I use konions also.Makita. I got all my pks from an illustrious member of ES who has extensive posts on both bosch and mak.I am working on a pack now and am rereading the posts over(and over).Just put "doctorbass" "bosch" in search and you'll become an expert in no time.Me? I just keep rereading.
 
docnjoj said:
I know my 36 volt Fatpacks have an LVC of 24 volts absolute and cuts them off. I never go near that voltage in real life as I usually stop at about 36-37 volts.
otherDoc

Doc,
I don't see how that is possible. The positive and negative slots are hard wired directly to the battery leads. While the LVC may be triggered by the pack's circuit board, it can only be effective when used with the tool, unless you figured out some way to use that 3rd slot in combination with a switch on your controller.

LI-ghtcycle,
Your poor man's LVC could be just to shut it down as soon as your bike begins to slow significantly. The increase in the voltage drop under even a light load once the pack runs low is not a subtle change. It's so significant and rapid, that otherDoc thought his packs turn off.

John
 
The easiest way is Cycle Analyst
 
Well, I'm playing with the Makita Konions at the moment, and they have a BMS/Battery monitor circuit, but the LVC is situated on the multipin connector - whose pins are not at all clear in function.

That said, there is a TL431 chip on board that can be used for LVC purposes - its SMD, so unless you are a major tightass you may as well buy a whole lot of normal ones in the 3 pin To-92 package - you can do a per-cell LVC this way + some optoisolators across your brake line ~ easy.If you put an led in series with the optocoupler LED, it wont drain your pack too low (ie. once the voltage dropped across the LED's exceeds the cell voltage, they turn off, removing the load).

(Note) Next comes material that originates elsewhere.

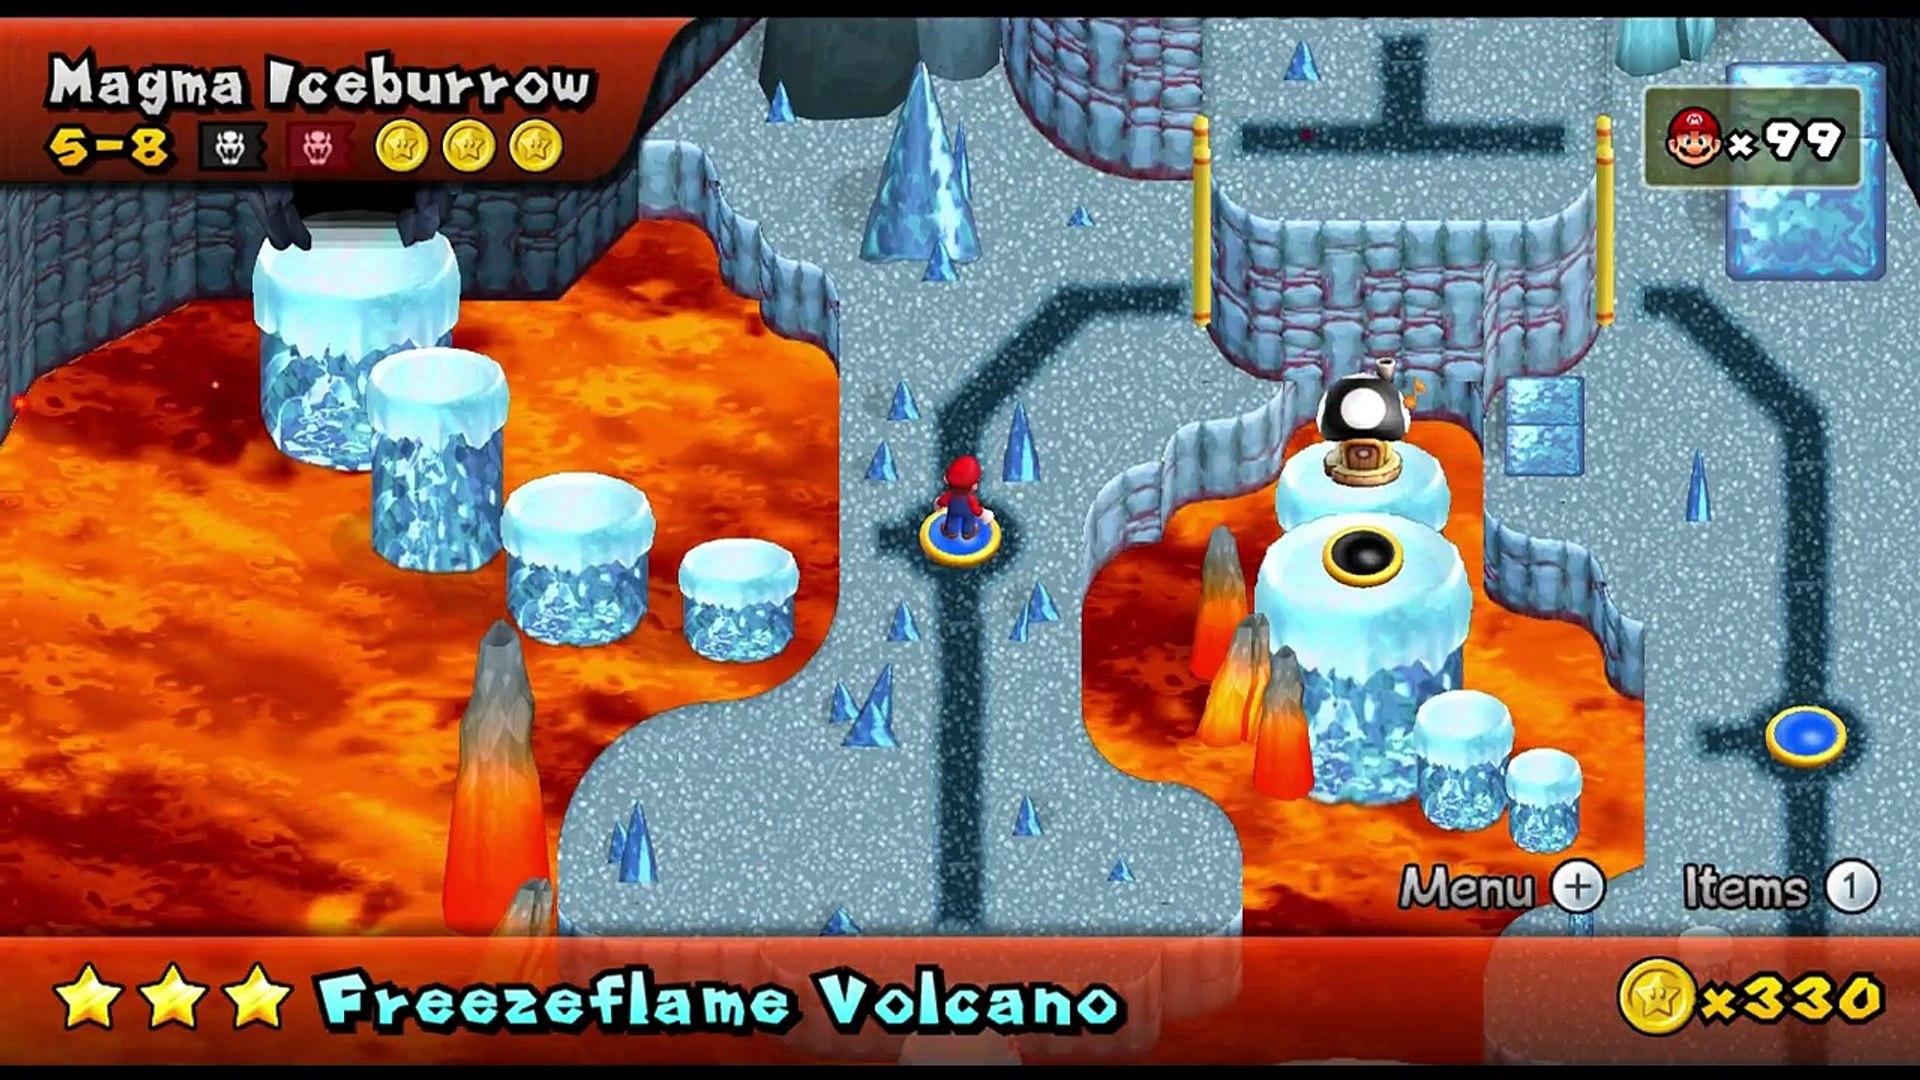 3D Games: RE: New Super Mario Bros. Wii (Wii)

It also shows you which cell dropped first (handy).

This is where a few other designs fail to address the LVC load across the cells will eventually drain them to below the forward voltage of the LED.
 
It would be great if you could draw a diagram of this.Does this in anyway have to do with why maks have 1cell pair that drains and causes them to not charge?this,I think was why they had the return epidemic.I have to go reread docs thoughts on that.I think it was that one cell pair was hooked up for info and had small,slow continuous drainage thus making the pk appear dead and nonrechargable.Most pks I get from him have 1-2cells(pr) w low v.and rest are good.OW,my brain hurts.
 
John in CR said:
docnjoj said:
I know my 36 volt Fatpacks have an LVC of 24 volts absolute and cuts them off. I never go near that voltage in real life as I usually stop at about 36-37 volts.
otherDoc

Doc,
I don't see how that is possible. The positive and negative slots are hard wired directly to the battery leads. While the LVC may be triggered by the pack's circuit board, it can only be effective when used with the tool, unless you figured out some way to use that 3rd slot in combination with a switch on your controller.

LI-ghtcycle,
Your poor man's LVC could be just to shut it down as soon as your bike begins to slow significantly. The increase in the voltage drop under even a light load once the pack runs low is not a subtle change. It's so significant and rapid, that otherDoc thought his packs turn off.

John

Yep! that would be the way, John. I don't do it cause the sag is pretty obvious at around 34 volts and below. I get about 15 miles with the 4 in //, but wiring them thru the controller shut off would do it. All IMHO, however since I never followed thru on the trial.
otherDoc
 
Ya know, John, I may actually have to buy a Bosch 36 volt tool and try this out. From the factory drawings for parts there seem to be no electronics in the tools (drills, saws etc) except the ESC on the trigger. Maybe time for an experiment. And, of course, a new tool!